**Task objective**
What is wanted is the full listing, word for word, without its pictures.

**Recorded data**
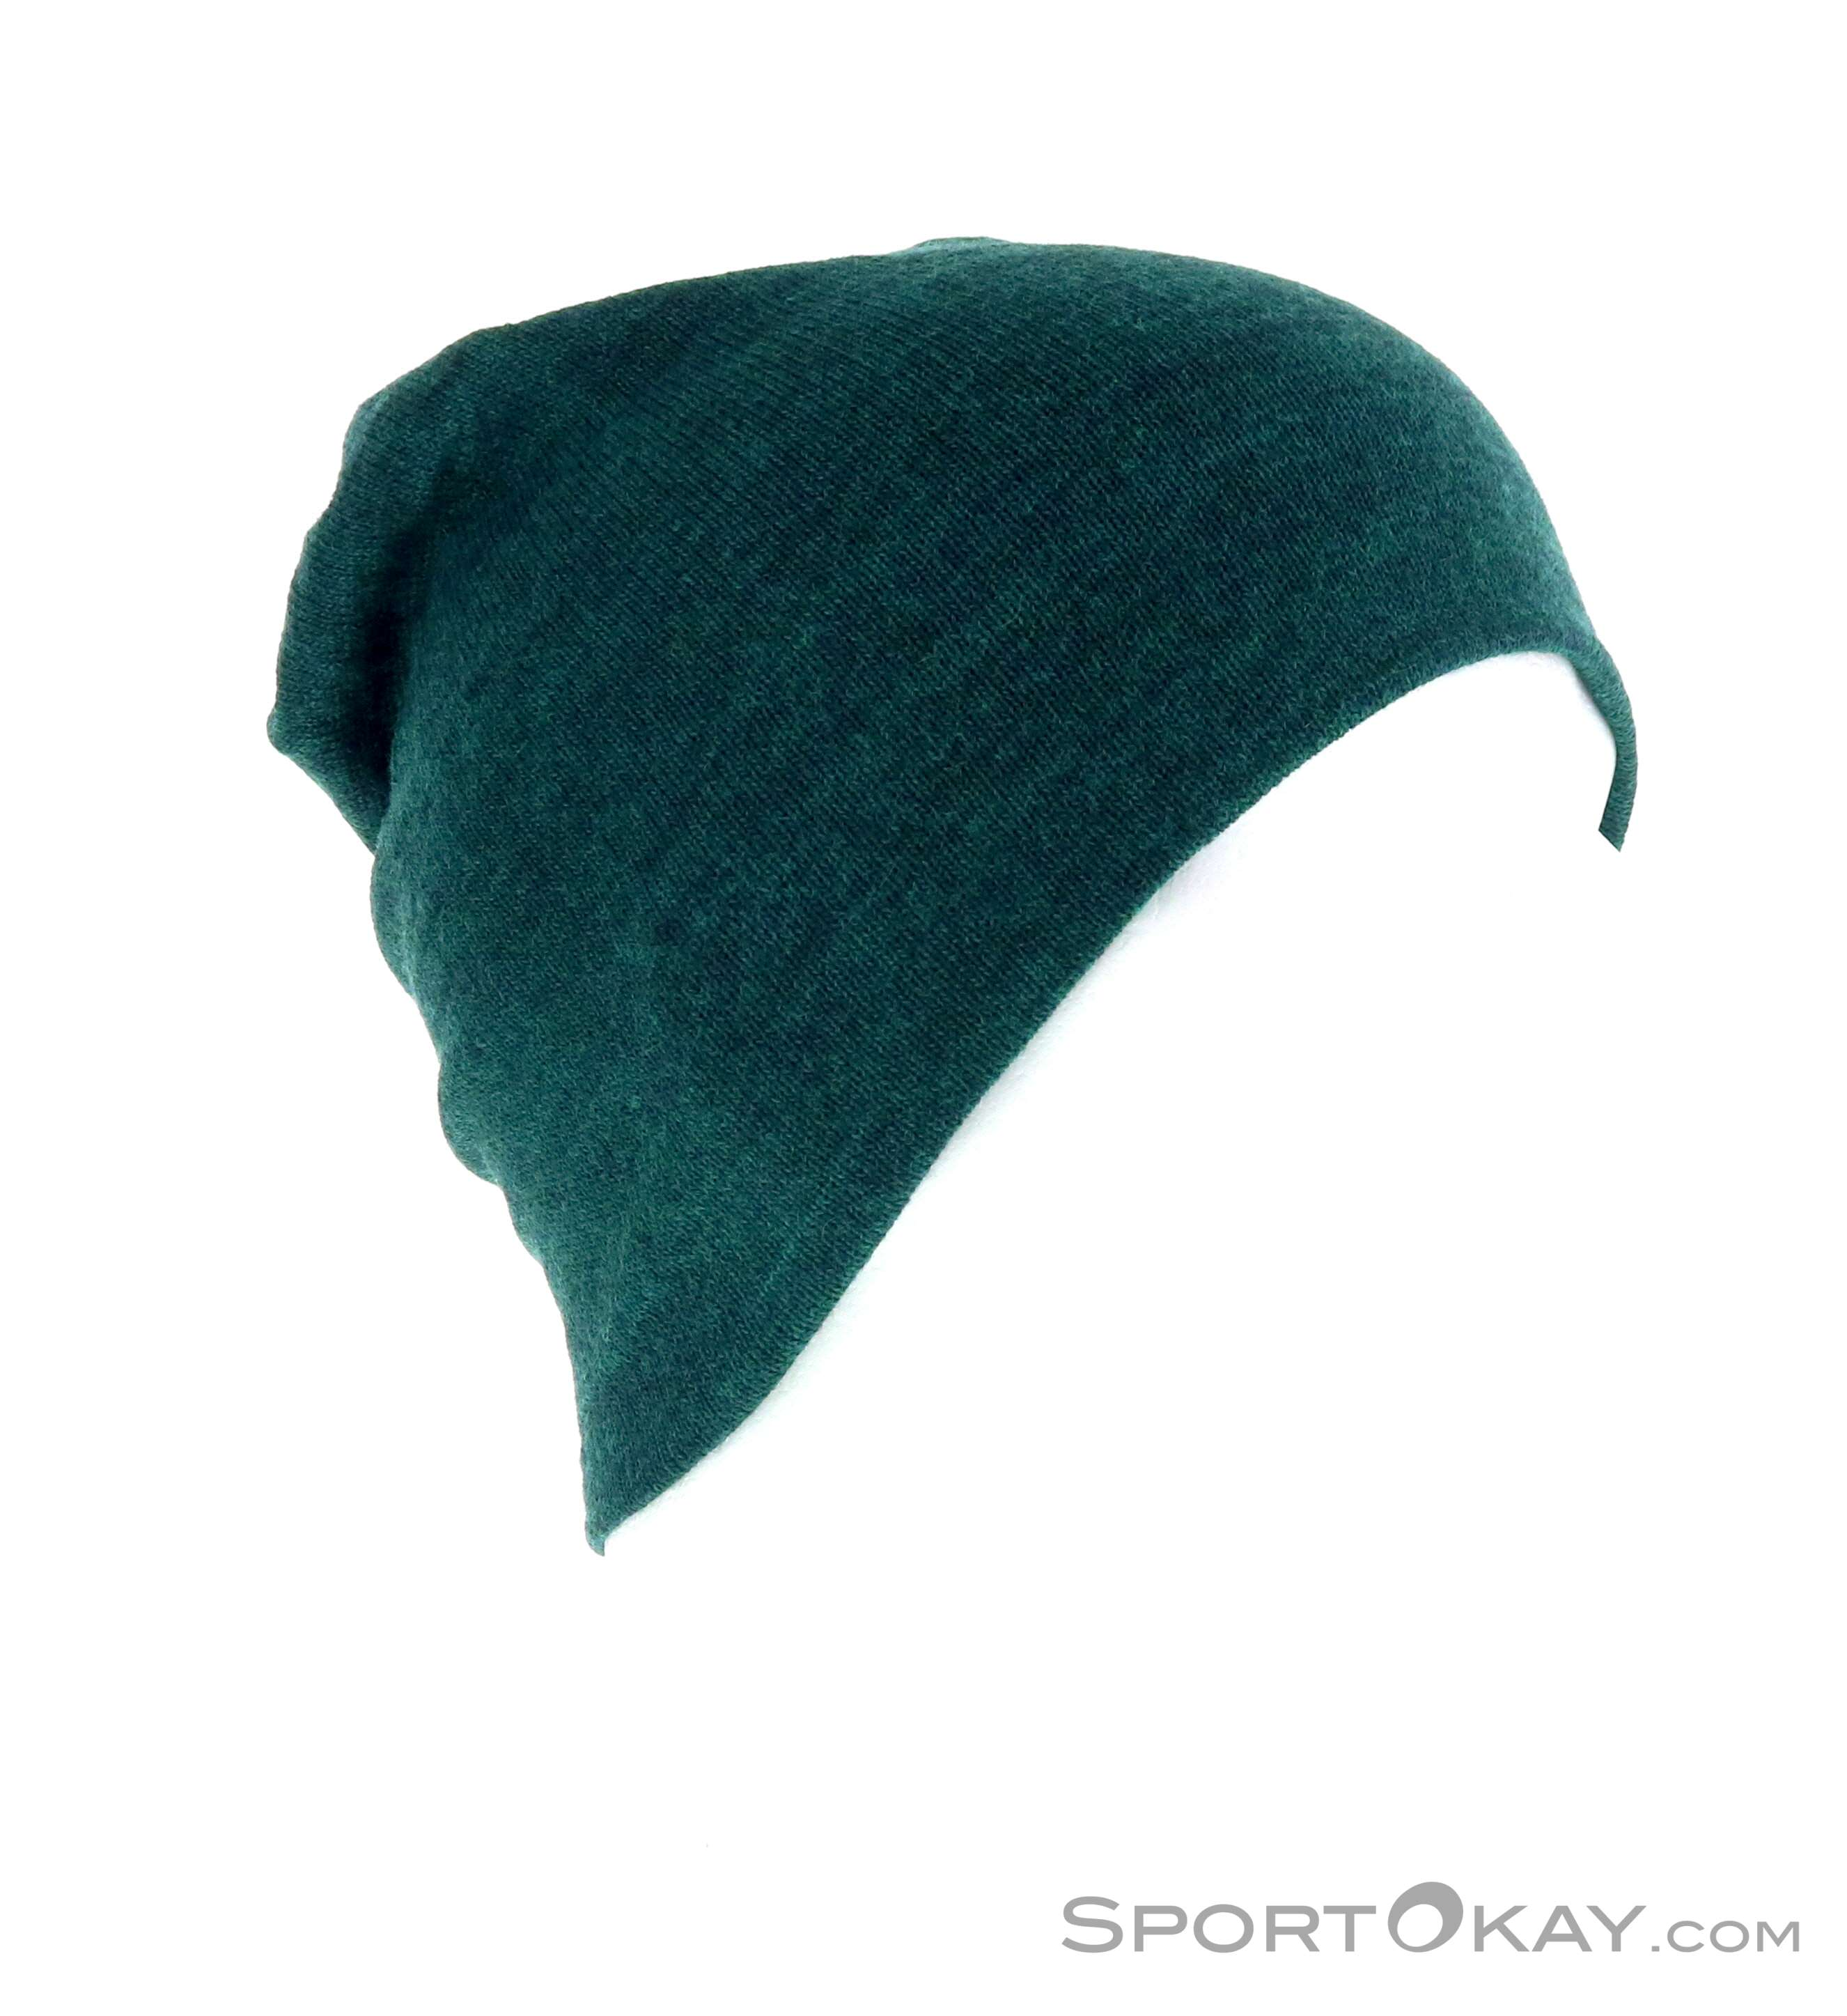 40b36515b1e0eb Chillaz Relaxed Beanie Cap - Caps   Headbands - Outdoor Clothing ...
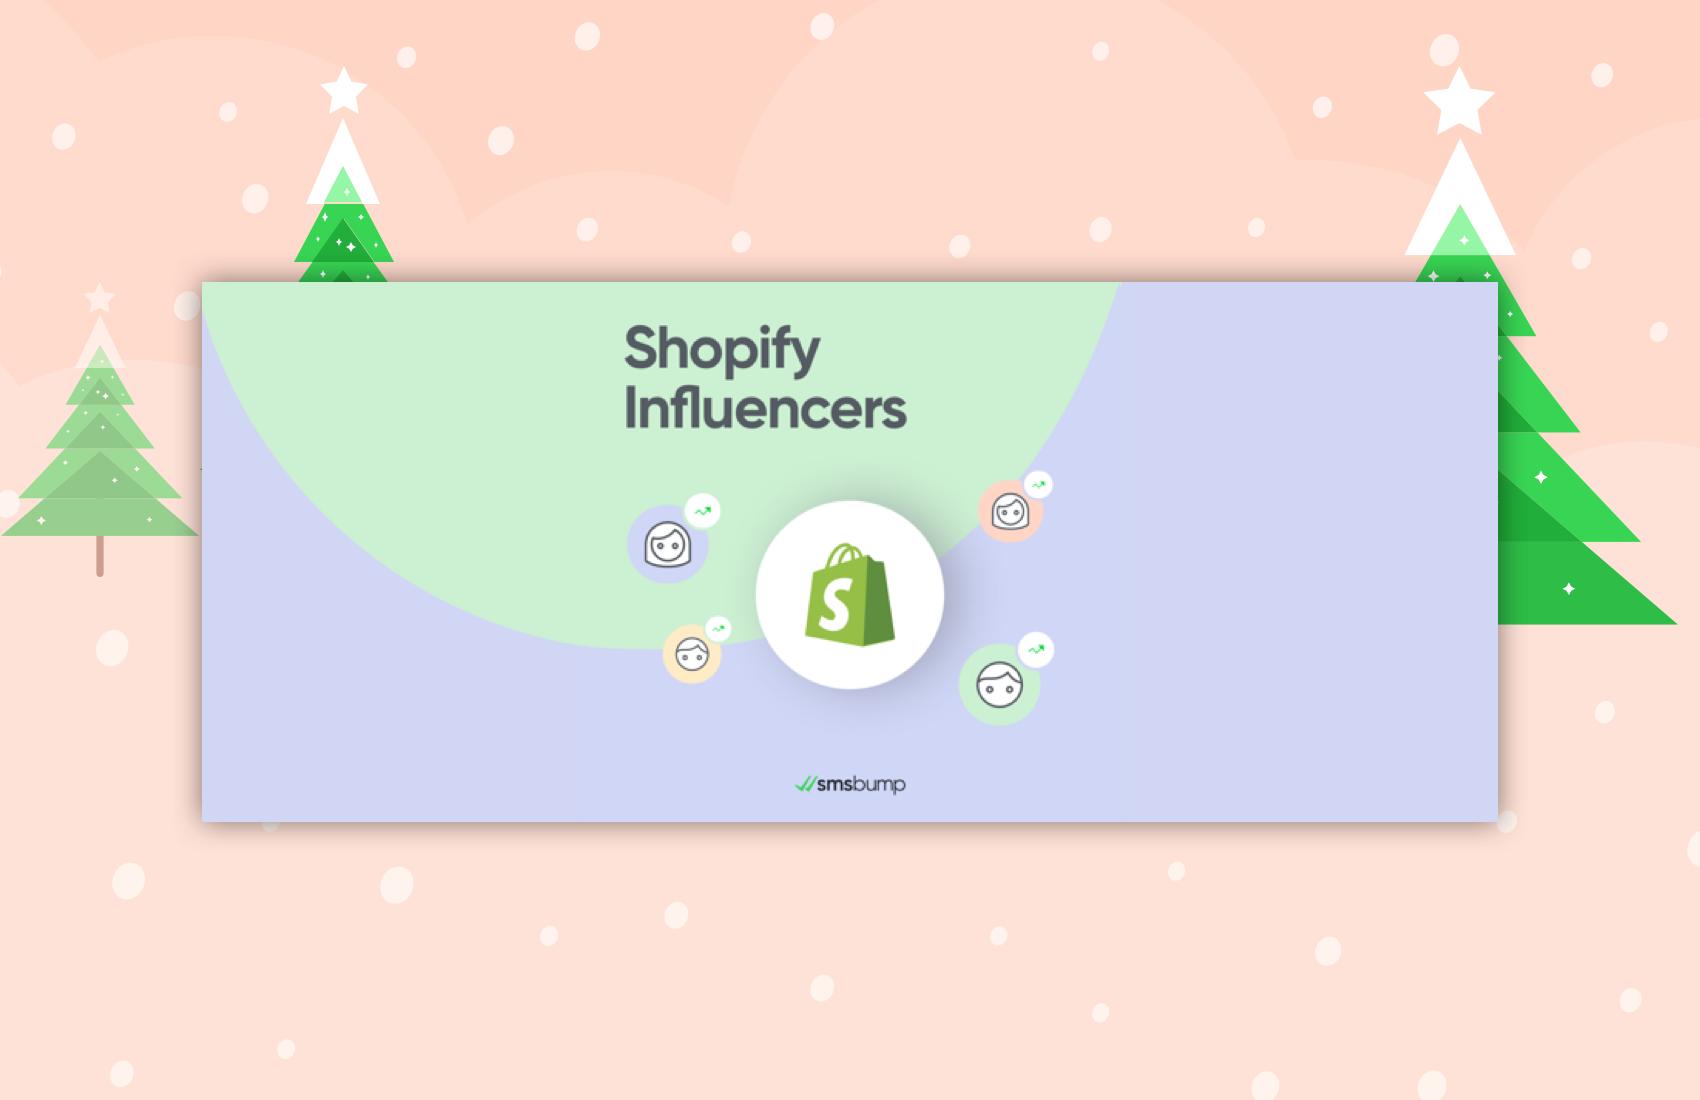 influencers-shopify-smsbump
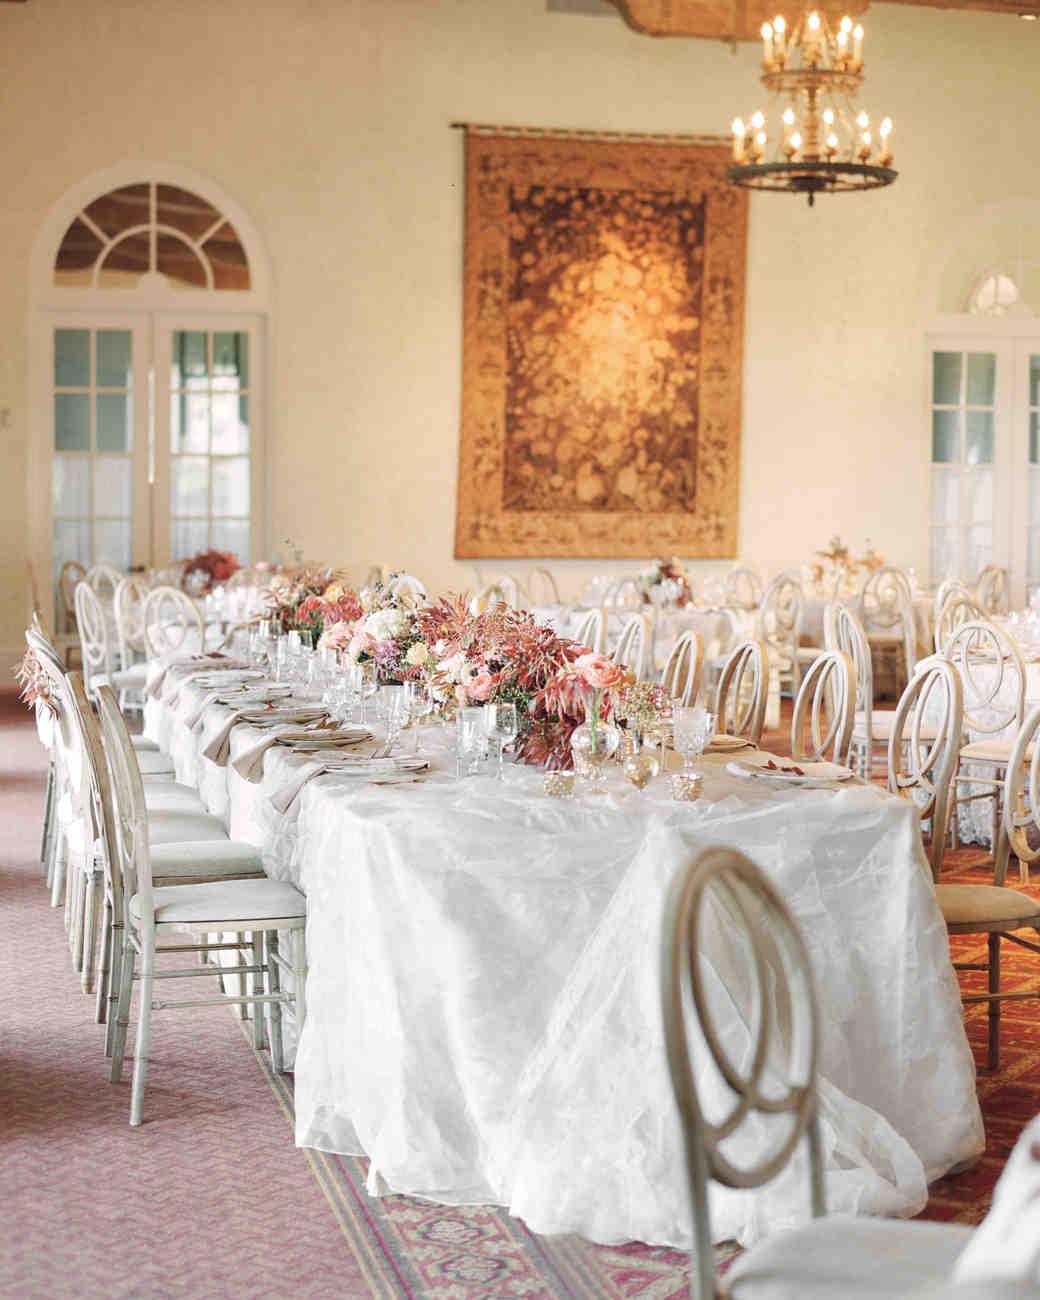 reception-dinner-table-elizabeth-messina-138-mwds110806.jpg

**Output for this task**
 40b36515b1e0eb Chillaz Relaxed Beanie Cap - Caps   Headbands - Outdoor Clothing ...
 influencers-shopify-smsbump
 reception-dinner-table-elizabeth-messina-138-mwds110806.jpg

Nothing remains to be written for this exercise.